The high-performance category (> 35 W) of accelerators is designed for demanding inference and training scenarios in edge and cloud servers. These accelerators offer exceptional processing power, making them suitable for computationally-intensive tasks. They are commonly deployed as PCIe extension cards and provide high-speed interfaces for efficient data transfer. The devices in this category have high thermal design powers (TDPs), indicating their ability to handle significant workloads. These accelerators include dedicated ASICs, known for their specialised performance in Deep Learning tasks. They deliver accelerated processing capabilities, enabling faster inference and training times. Some consumer-class GPUs may also be included in benchmarking comparisons to provide a broader perspective.

Selecting the proper accelerator from the abovementioned wide range of available options is not straightforward. However, VEDLIoT takes on this crucial responsibility by conducting thorough assessments and evaluations of various architectures, including GPUs, field-programmable gate arrays (FPGAs), and ASICs. The project carefully examines these accelerators performances and energy consumptions to ensure their suitability for specific use cases. By leveraging its expertise and comprehensive evaluation process, VEDLIoT guides the selection of Deep Learning accelerators within the project and in the broader landscape of IoT and Deep Learning applications.

Trained Deep Learning models have redundancy that can sometimes be compressed to 49 times their original size, with negligible accuracy loss. Although many works are related to such compression, most results show theoretical speed-ups that only sometimes translate into more efficient hardware execution since they do not consider the target hardware. On the other hand, the process of deploying Deep Learning models on edge devices involves several steps, such as training, optimisation, compilation, and runtime. Although various frameworks are available for these steps, their interoperability can vary, resulting in different outcomes and performance levels. VEDLIoT addresses these challenges through hardware-aware model optimisation using ONNX, an open format for representing Machine Learning models, ensuring compatibility with the current open ecosystem. Additionally, Renode, an open-source simulation framework, serves as a functional simulator for complex heterogeneous systems, allowing for the simulation of complete System-on-Chips (SoCs) and the execution of the same software used on hardware.

Furthermore, VEDLIoT uses the EmbeDL toolkit to optimise Deep Learning models. The EmbeDL toolkit offers comprehensive tools and techniques to optimise Deep Learning models for efficient deployment on resource-constrained devices. By considering hardware-specific constraints and characteristics, the toolkit enables developers to compress, quantise, prune, and optimise models while minimising resource utilisation and maintaining high inference accuracy.
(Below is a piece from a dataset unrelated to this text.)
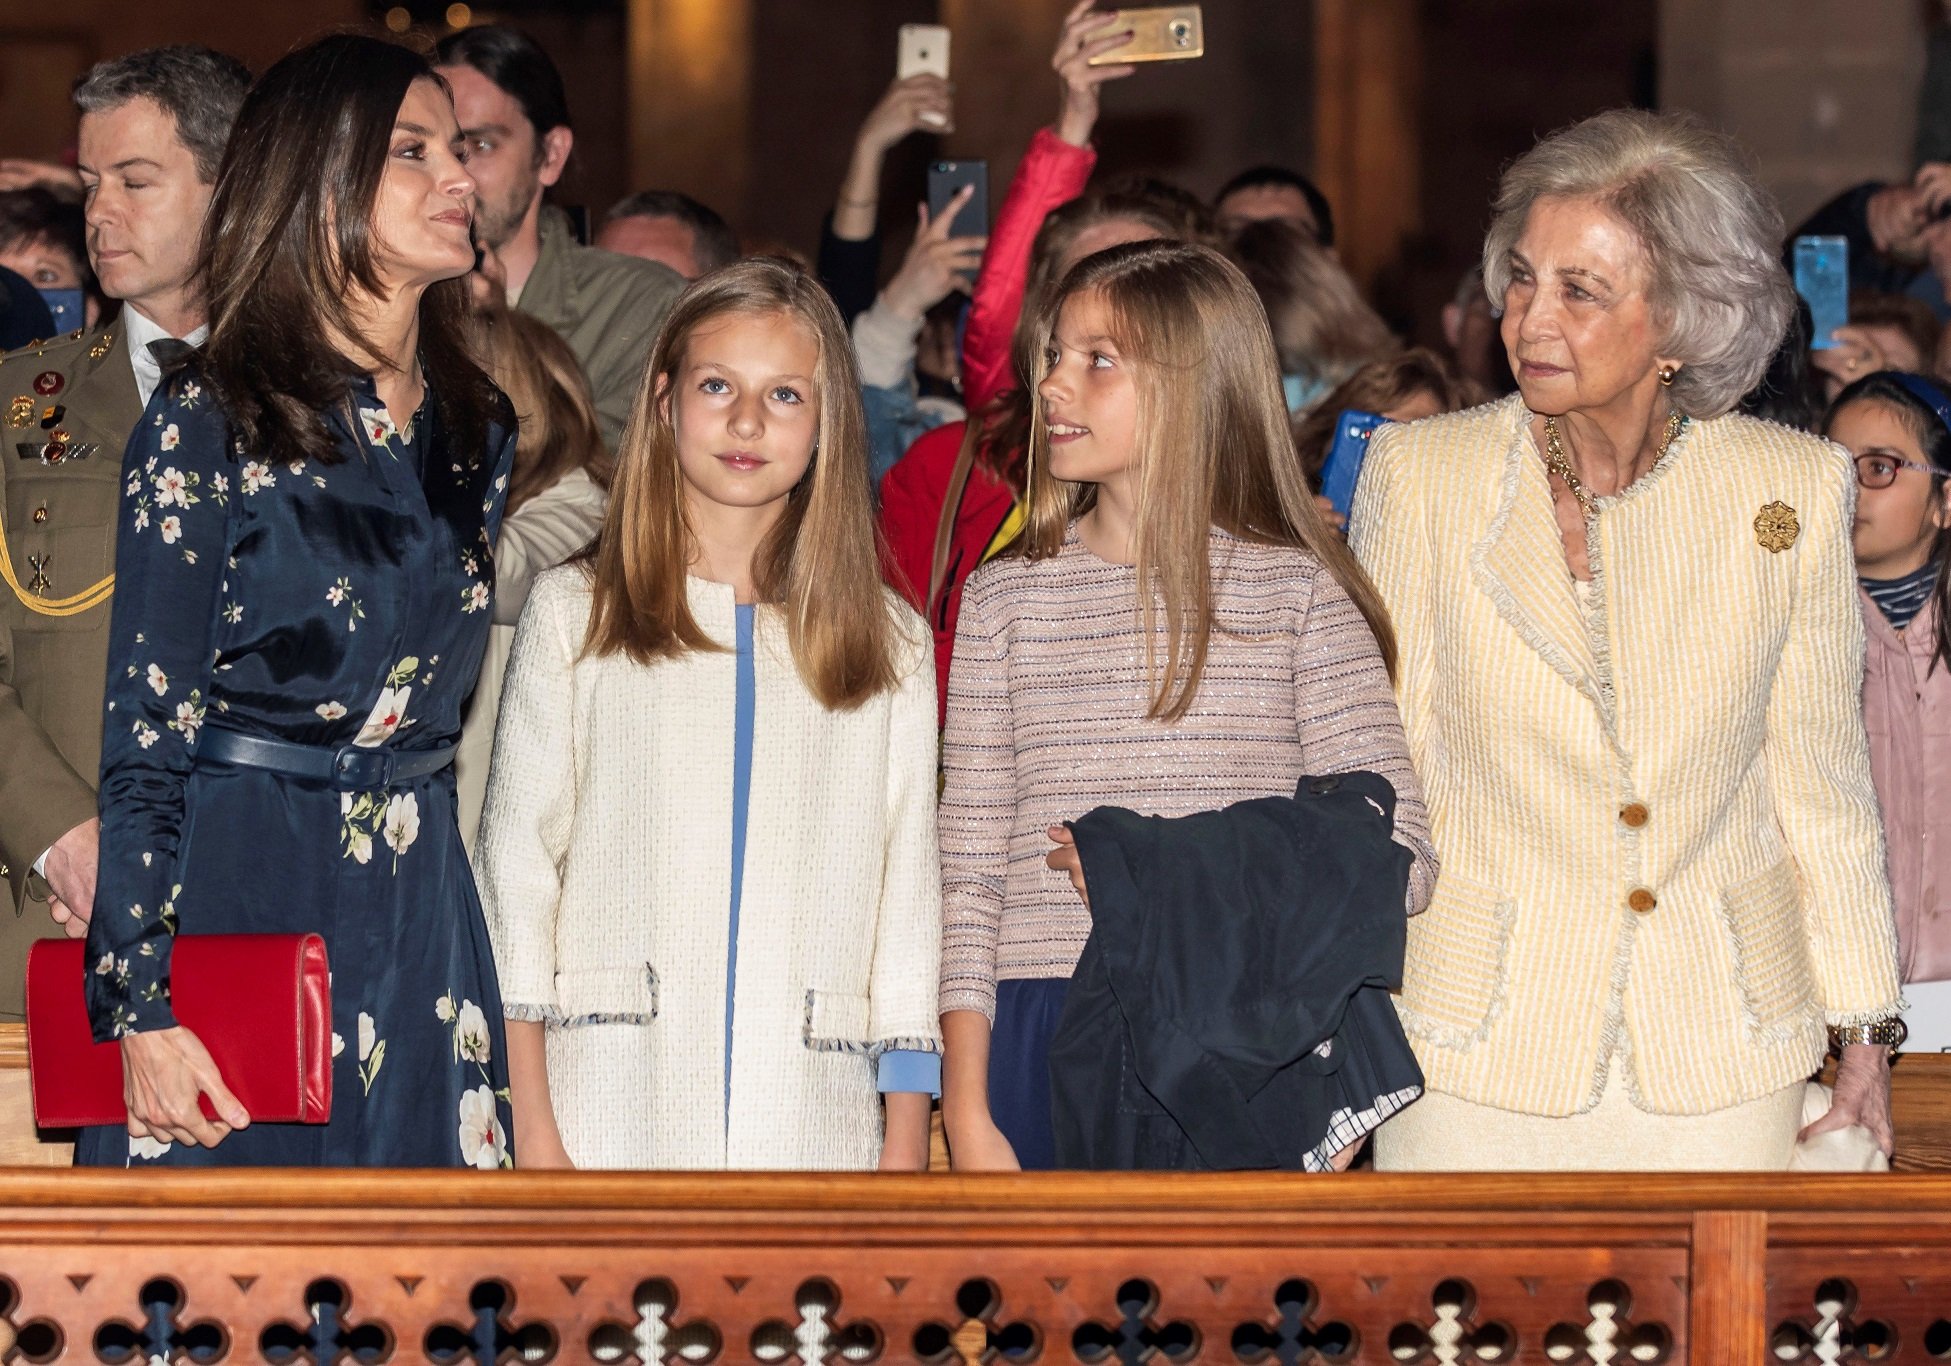 La Reina Letizia de España, la Princesa Leonor de España, la Princesa Sofía de España y la Reina Sofía de España en la misa de pascua de la Catedral de Palma de Mallorca en 2019. || Fuente: Getty Images

EmbeDL focuses on hardware-aware optimisation and ensures that Deep Learning models can be effectively deployed on edge devices and IoT devices, unlocking the potential for intelligent applications in various domains. With EmbeDL, developers can achieve superior performance, faster inference, and improved energy efficiency, making it an essential resource for those seeking to maximise the potential of Deep Learning in real-world applications.

Since VEDLIoT aims to combine Deep Learning with IoT systems, ensuring security and safety becomes crucial. In order to emphasise these aspects in its core, the project leverages trusted execution environments (TEEs), such as Intel SGX and ARM TrustZone, along with open-source runtimes like WebAssembly. TEEs provide secure environments that isolate critical software components and protect against unauthorised access and tampering. By using WebAssembly, VEDLIoT offers a common environment for execution throughout the entire continuum, from IoT, through the edge and into the cloud.

In the context of TEEs, VEDLIoT introduces Twine and WaTZ as trusted runtimes for Intels SGX and ARMs TrustZone, respectively. These runtimes simplify software creation within secure environments by leveraging WebAssembly and its modular interface. This integration bridges the gap between trusted execution environments and AIoT, helping to seamlessly integrate Deep Learning frameworks. Within TEEs using WebAssembly, VEDLIoT achieves hardware-independent robust protection against malicious interference, preserving the confidentiality of both data and Deep Learning models. This integration highlights VEDLIoTs commitment to securing critical software components, enabling secure development, and facilitating privacy-enhanced AIoT applications in cloud-edge environments.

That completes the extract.